Cardiovascular death includes death resulting from an acute myocardial infarction (MI), sudden cardiac death, death due to heart failure (HF), death due to stroke, death due to cardiovascular (CV) procedures, death due to CV hemorrhage, and death due to other CV causes.
Time to cardiovascular death was defined as the time from randomization to the date of cardiovascular death and was analyzed using Kaplan-Meier (KM) survival analysis. KM estimates of the percentage of participants with an event are reported. Participants with no event were censored based on the last confirmed survival status date.

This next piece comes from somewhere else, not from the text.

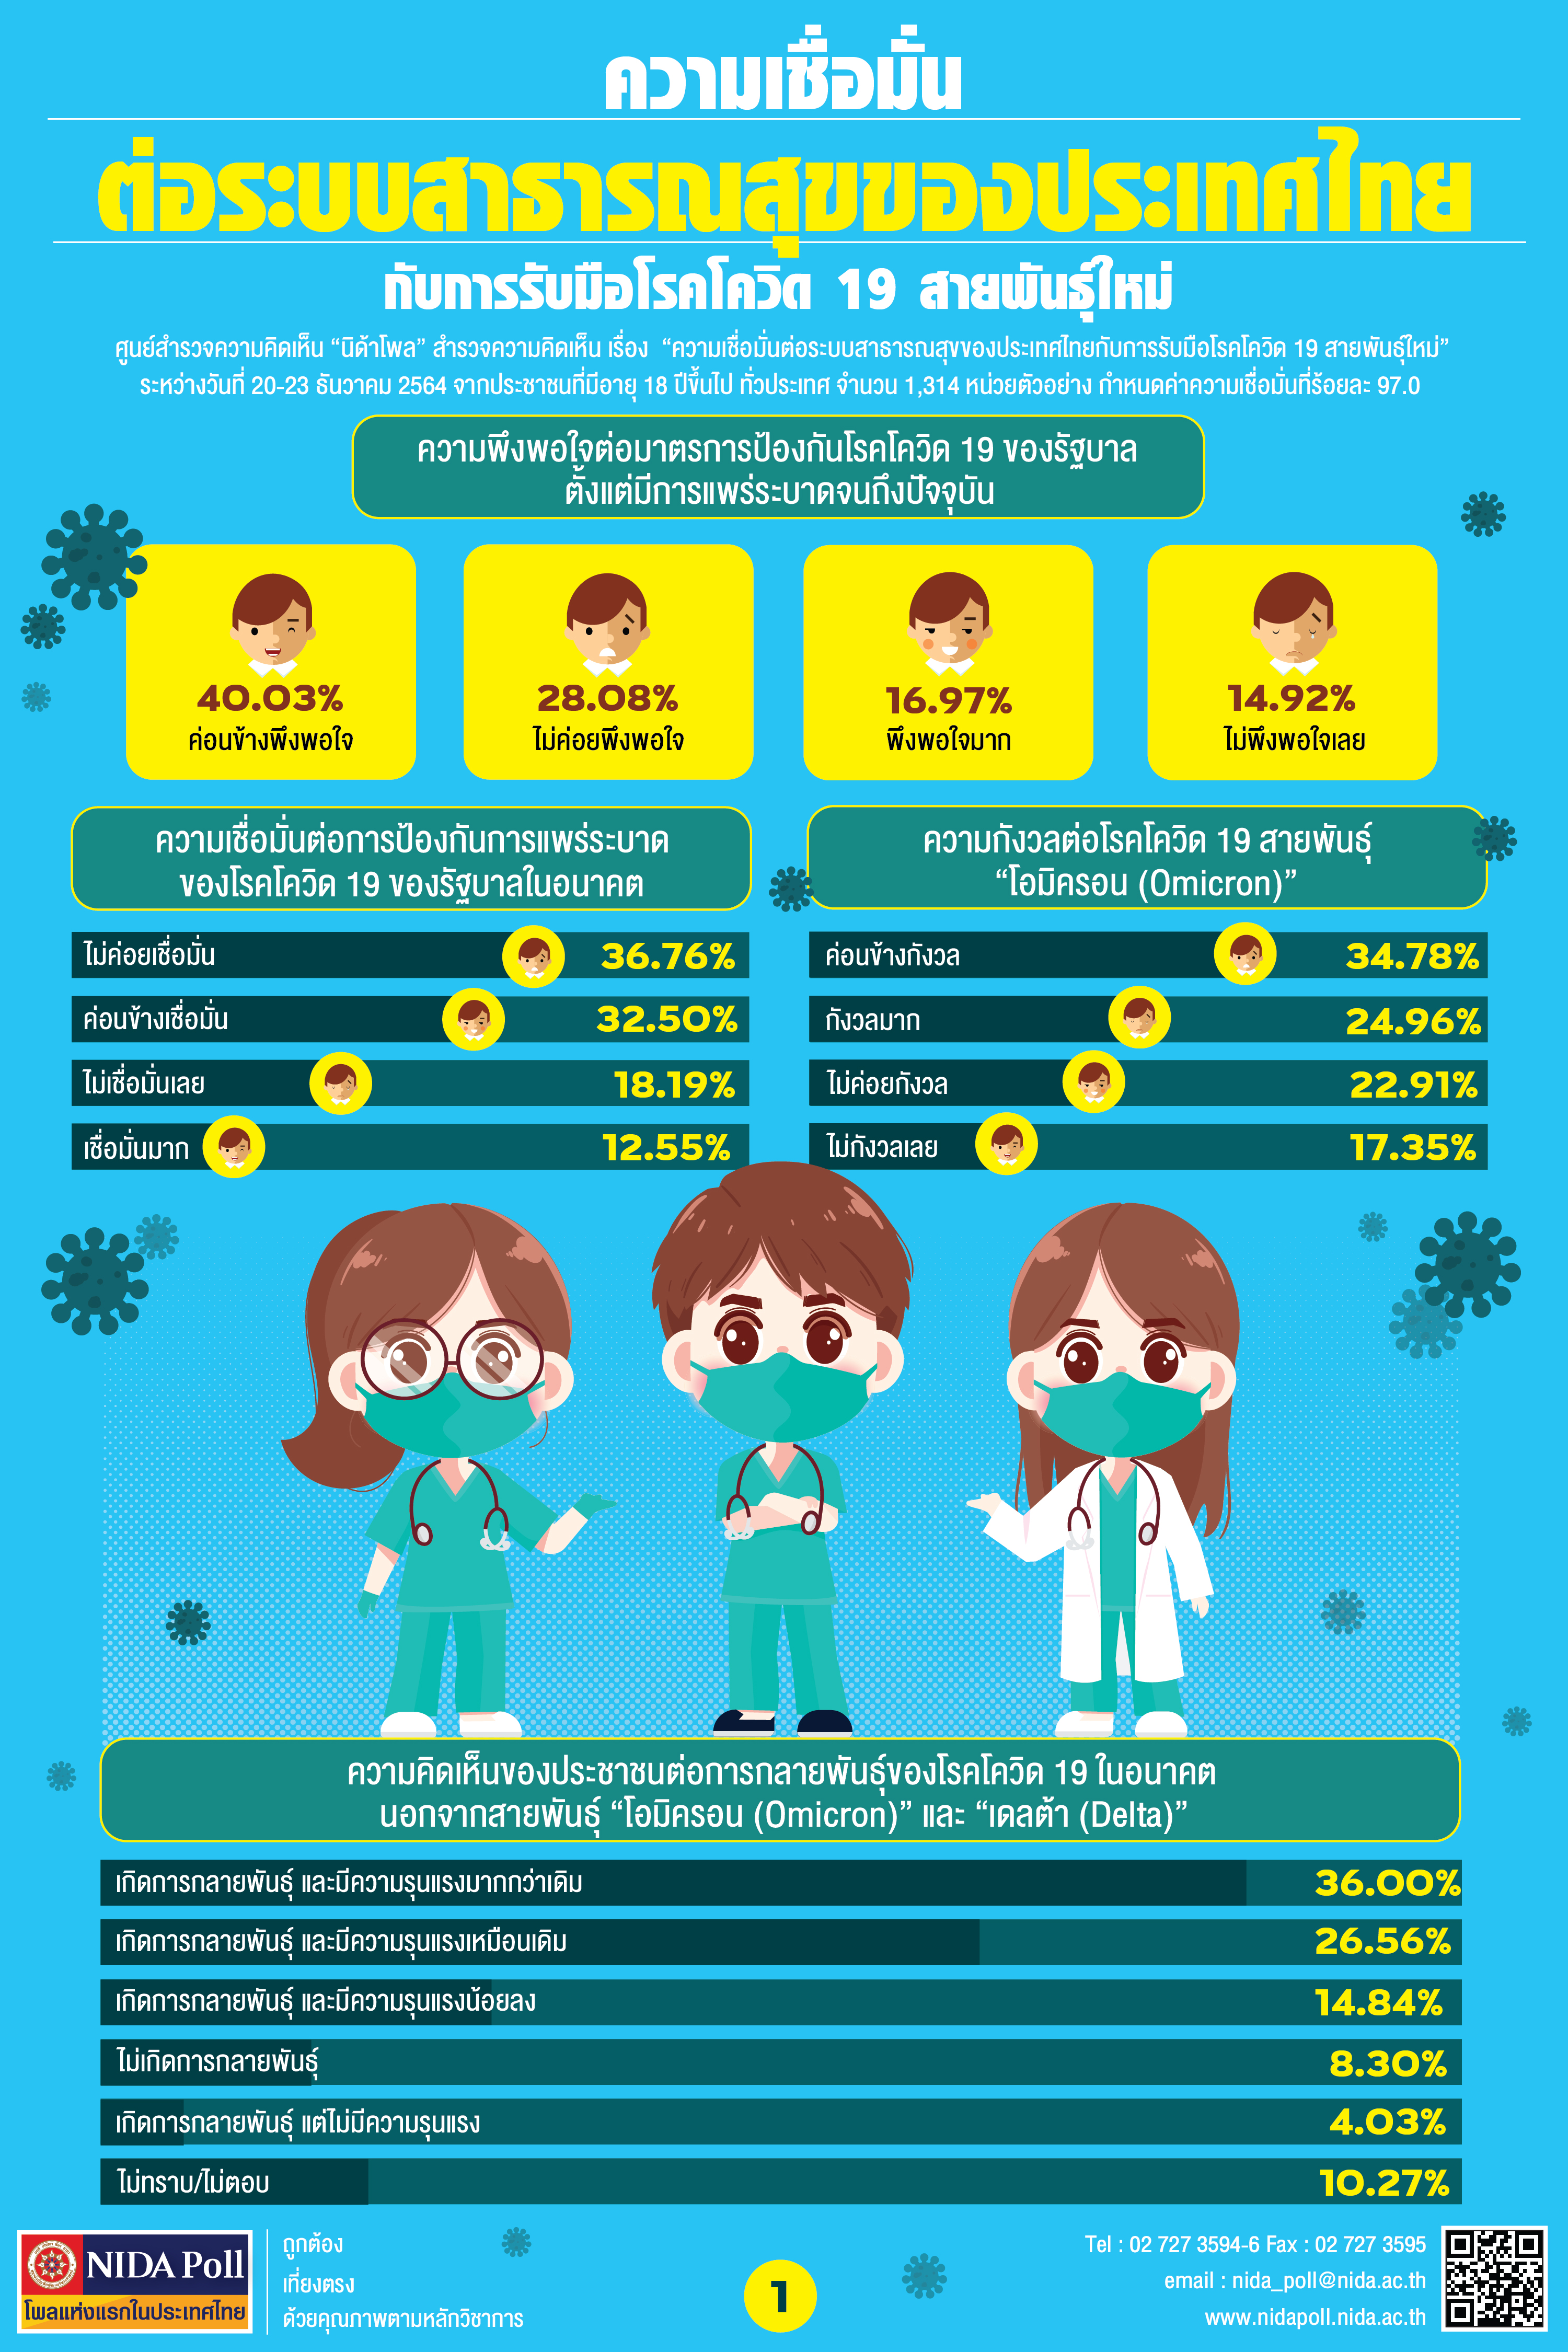 NIDA Poll ความเชื่อมั่นต่อระบบสาธารณสุขของประเทศไทยกับการรับมือโรคโควิด 19 สายพันธุ์ใหม่ 01

- Time to All Cause Death [ Time Frame: Events that occurred from randomization to the last confirmed survival status date; the median duration of follow-up was 26 months. KM estimates at 6, 12, 18, 24, 30 and 36 months are reported. ]
Time to all-cause death was defined as the time from randomization to the date of death and was analyzed using Kaplan-Meier (KM) survival analysis. KM estimates of the percentage of participants with an event are reported. Participants with no event were censored based on the last confirmed survival status date.
- Time to First Myocardial Infarction [ Time Frame: Events that occurred from randomization to the last confirmed survival status date; the median duration of follow-up was 26 months. KM estimates at 6, 12, 18, 24, 30 and 36 months are reported. ]
All deaths and potential endpoint events were adjudicated by an independent external CEC led by the TIMI Study Group, using standardized definitions based on the "Standardized Definitions for Cardiovascular and Stroke End Point Events in Clinical Trials and the Third Universal Definition of Myocardial Infarction".
The diagnosis of myocardial infarction required the combination of:
- Evidence of myocardial necrosis (either changes in cardiac biomarkers or post-mortem pathological findings); and
- Supporting information derived from the clinical presentation, electrocardiographic changes, or the results of myocardial or coronary artery Imaging.
Time to first myocardial infarction was defined as the time from randomization to the date of the first MI and was analyzed using Kaplan-Meier survival analysis. KM estimates of the percentage of participants with an event are reported. Participants with no event were censored based on last non-fatal potential endpoint collection date.
- Time to First Stroke [ Time Frame: Events that occurred from randomization to the last confirmed survival status date; the median duration of follow-up was 26 months. KM estimates at 6, 12, 18, 24, 30 and 36 months are reported. ]
All deaths and potential endpoint events were adjudicated by an independent external CEC led by the TIMI Study Group, using standardized definitions based on the "Standardized Definitions for Cardiovascular and Stroke End Point Events in Clinical Trials and the Third Universal Definition of Myocardial Infarction".
Stroke was defined as an acute episode of focal or global neurological dysfunction caused by brain, spinal cord, or retinal vascular injury as a result of hemorrhage or infarction.
Time to first stroke was defined as the time from randomization to the date of the stroke and was analyzed using Kaplan-Meier (KM) survival analysis. KM estimates of the percentage of participants with an event are reported. Participants with no event were censored based on last non-fatal potential endpoint collection date.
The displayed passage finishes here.